Not that any of this matters to those who want to bring the UK back into Brussels’ orbit. They have become convinced that the only policy change that will impact the UK’s rate of economic growth is rejoining the single market and customs union. They have no answer when it is pointed out that the UK economy performed appallingly during the period when it was most closely aligned with that of the EU: between the financial crisis and Brexit. Theirs is an ideological belief that Britain is incapable of governing itself.
So they are not interested in promoting policies that can offset any short-term economic costs of leaving the EU, especially the consequences of Brussels’ ultra-protectionist trade restrictions. There was nothing inevitable about the barriers the Eurocrats decided to erect to trade with Britain, their biggest export market, despite all their pious talk about protecting the “integrity” of the single market. They rejected perfectly sensible proposals for mutual recognition of standards and regulations, in part because they were determined to punish the UK for daring to break away.

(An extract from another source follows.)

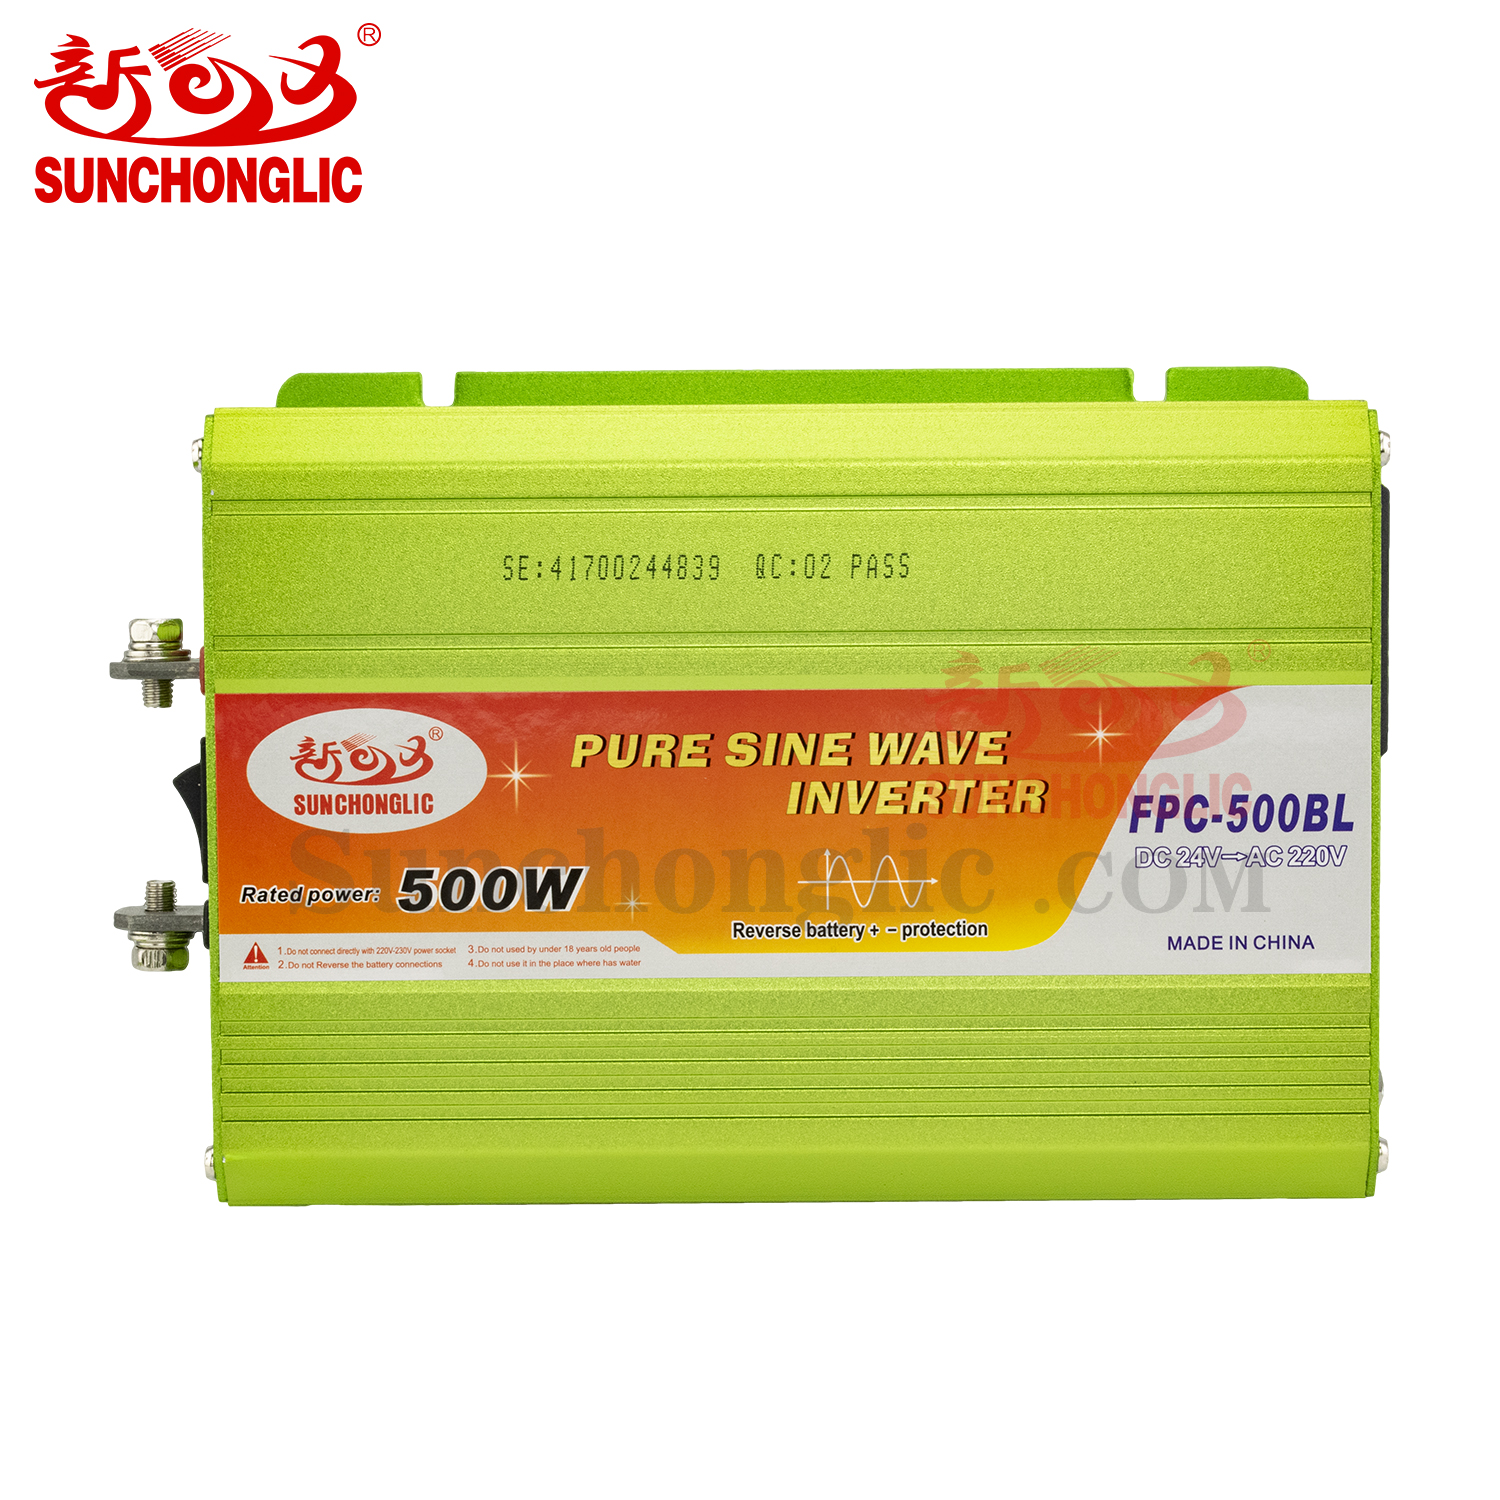 Pure Sine Wave Inverter - FPC-500BL

Knowing that this was always going to be the attitude of Brussels, British governments should have spent the last seven years pursuing massive pro-growth changes in domestic policy – across taxation, regulation, welfare and even monetary policy – in order to radically improve the country’s competitiveness situation. Instead, they’ve gone in the opposite direction, most recently with the ridiculous decision to raise the corporate tax rate, which is extremely unlikely to raise the amounts of money the Treasury believes as it drives business and investment overseas.
Should the Conservative Party lose the next general election, as everyone – including the Government – seem resigned, it will not only be replaced by a party even more inclined to levy harmful new taxes on innovation, labor and business, but whose commitment to outside the EU it is very doubtful. The Brexit dream is squandered and time is running out to save it from extinction forever.